Regarding OTA antennas -- here it depends on a number of issues. If all the local transmitters are UHF, you might be able to get by with a good indoor antenna. I've had quite good luck with a Radio Shack model 15-1892 indoor antenna -- http://www.radioshack.com/product/i...057.2032187.2032189.2032204&parentPage=family 
The nice thing about this antenna is the fact that you can aim it at each individual station's transmitter and save that info, recalling it by entering channel number on the included remote. I'm not a fan of Terk antennas. Some folks swear by them, but I've tried several and found them to be poor performers.
In my area, there's only one station transmitting HD on VHF, and I've had little luck receiving it with an indoor antenna.
I have an outdoor amplified UHF antenna (the LaCrosse from Antennas Direct), and am getting good results from transmitters over 25 miles away. I'm feeding two TV's from it.
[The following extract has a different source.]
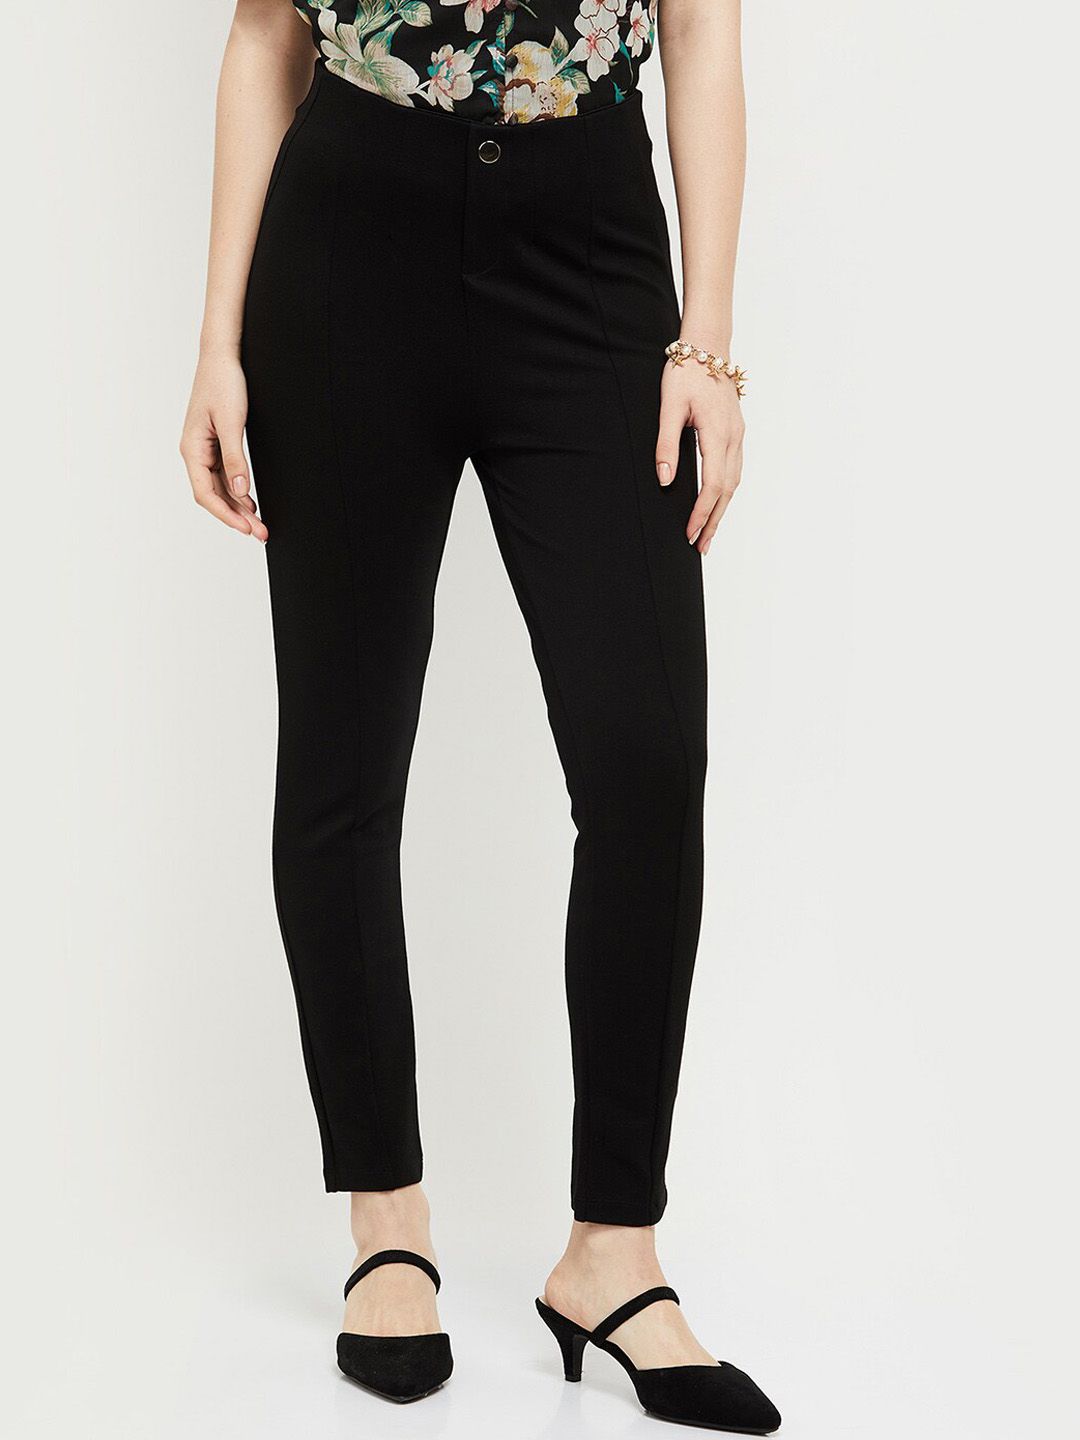 max Women Black Trousers Price in India

All this being said: Why use your computer for HDTV? Unless you are planning on using it as a DVR and feeding the output to an HDTV receiver, you aren't going to get much benefit. IMHO, a 20 inch or so wide screen computer monitor is a poor substitute for a large screen HDTV.


----------



## onthevirge (Jul 1, 2007)

Thanks for the response, Cholly.

I didn't think there would be much of a difference between an HD TV and HD on a computer. I have a 20" LCD with DVI input, so i figured that the quality shouldn't be too bad. I don't watch much TV, but I figured that moving up from the analog signal would be nice, especially since all i need is a good HD tuner and antenna.

On another note, i just learned about free HD broadcasts on the cable coax (assuming you have a QAM tuner). *Does anyone know if Comcast in Atlanta, Ga still gives free access to the OTA digital channels on thier coax system (if not in Atl, a confirmation in another city is better than nothing).*


----------



## GFloyd (Jun 3, 2003)

At 5 miles away, you may have a bigger problem with being too close rather than too far. Try it with some rabbit ears pointed towards Brookhaven and you'll find out for sure.

I knew a guy that literally tossed a YAGI style antenna in the crawl space of his in-town home and pulled in everything with 100+ readings.


----------